Would these “Email addresses” be real email addresses in the real data, or does it literally say “Email addresses”? Similary for Genders, Password, etc…

And also, are these of type Collection, or just strings in square brackets with comma+space as delimiter?

2 Likes

Hi @nxfxcom , I’ve come up with something while waiting for your confirmation. I’ve had to make some assumptions in the mean time.

Assumptions as follows:

  • The data is how you presented it, that is it literally has the words “Email addresses”, “Genders”, “Password” etc
  • We gonna convert to columns only what’s after the dates and in the square brackets
  • The “collection” is just a string as presented in your sample
  • I copied the data you provided as is, meaning a whole line is just 1 record, which I then split using pipe ("|") as delimiter.

As always, we we can’t determine what the columns/structure will be, and more so because not all records would have the same columns, I always go to something like JSON, and then have Knime convert the JSON to columns where Knime will dynamically create the necessary columns automatically.

Based on the data you provided, this is what the end results of my new workflow looks like, which I think is what you expect:

This is how the workflow looks like:
image

And here’s the workflow: Collection Column expansion.knwf (13.7 KB)

Edit: You can also add the Missing Value node to fill the Missing strings with a value like this:

This will replace all the Missing values (?) to “False”:

It’s just a bit harder to distinguish between True and False :slight_smile:

6 Likes

You are a genius and lifesaver. If every company had one of you around Knime would be the biggest :wink: To close the loop, yes there was no value just true or false.

Thank you so much! I wish there was a tip button here :wink:

2 Likes

kudos to @bruno29a
I really liked your solution

I tried a different way which seems to work as well (I “borrowed” your workflow :wink:

2 Likes

Hi @Daniel_Weikert , I have other posts where we can’t know the structure as well, where I approached them the same way, via JSON, simply because Knime is able to create the columns as needed when converting JSON to table/columns.

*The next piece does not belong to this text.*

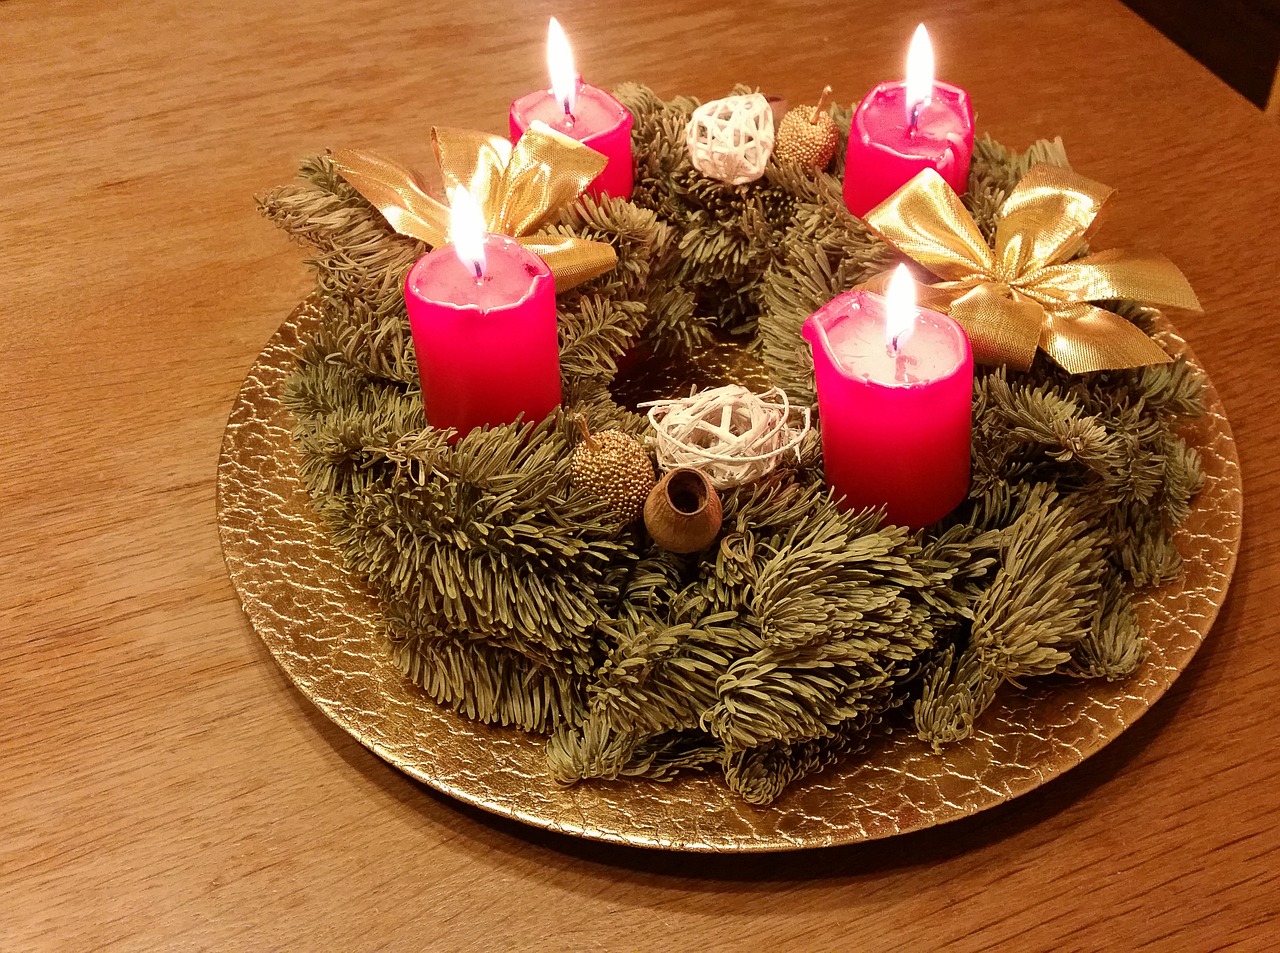 altezza: 29 cm ukiyo Confezione da 6 candele rustiche colori assortiti compleanno candele dell'Avvento Natale durata 12 ore diametro: 2,2 cm colore: Avorio

I’d like to see your approach as I’d like to learn other ways :slight_smile:

Could you share your workflow?

Thanks

1 Like

Collection Column expansion.knwf (68.0 KB)
best regards and enjoy your weekend

1 Like

Thanks @Daniel_Weikert . Have a great weekend too.

1 Like

This topic was automatically closed 7 days after the last reply. New replies are no longer allowed.